Complex Concepts Simplified
- Offense Variable (OV)
- Michigan’s sentencing guidelines require courts to score various OVs, each assessing a specific aspect of criminal conduct; OV 7 addresses aggravated physical abuse and psychological terror.
- OV 7’s “All-or-Nothing” Nature
- Unlike other variables with multiple tiers, OV 7 is scored at either 0 or 50 points—no middle ground—magnifying its effect on a defendant’s minimum sentence range.
- “Sadism, Torture, or Excessive Brutality”
- These explicit categories automatically trigger 50 points regardless of intent to increase fear—e.g., prolonged beatings, live dismemberment, or extreme physical cruelty.
- Catch-All Provision (Post-2015)
- Conduct “similarly egregious” to the above categories and designed to substantially increase fear—e.g., threatening a victim with slow burning, staging mock executions, or using restraints in a psychologically tormenting manner.
- Abrogation
- When a legislature amends a statute to override part of a judicial decision; here, 2015 PA 137 partially overturned Hardy by requiring “similarly egregious” conduct.
- Guidelines “Advisory” After Lockridge
- Courts must consider—but are not strictly bound by—the sentencing grid; nonetheless, accurate scoring remains essential to informed discretion and appellate review.
Conclusion
The Supreme Court’s refusal to grant leave in People v.
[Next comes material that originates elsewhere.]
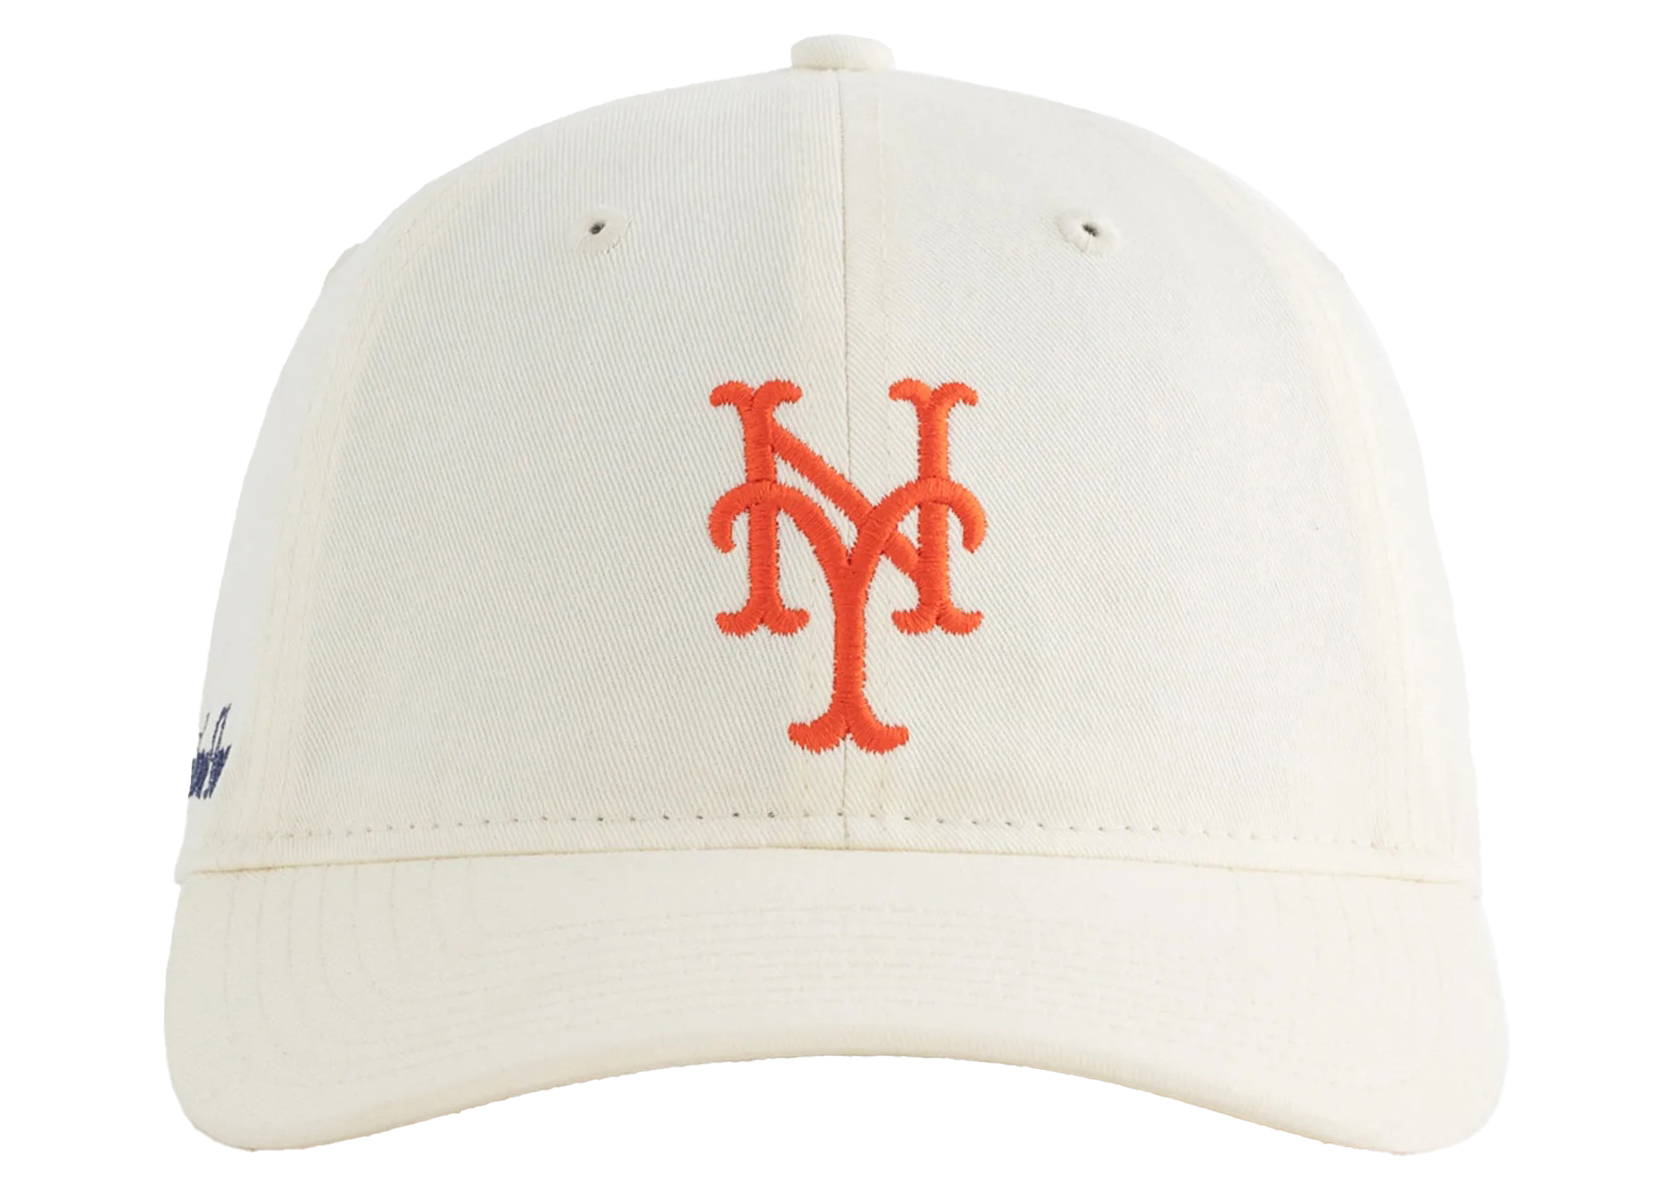 AIME LEON DORE - New Era Mets Hat

Brownfield technically leaves Michigan’s post-2015 OV 7 jurisprudence untouched, yet Justice Welch’s dissent shines a spotlight on widespread doctrinal drift. The dissent articulates a two-pronged, post-amendment test:
(1) Determine whether the defendant’s conduct is “similarly egregious” to sadism, torture, or excessive brutality; and
(2) Decide whether the conduct was intended (“designed”) to substantially increase the victim’s fear and anxiety.
Until the high court speaks decisively—or the Legislature intervenes—Michigan practitioners should treat these two findings as indispensable to any 50-point OV 7 score under the catch-all clause. The Brownfield dissent, though not binding, offers the most persuasive and structured framework yet for achieving the clarity and consistency that Michigan’s sentencing guidelines demand.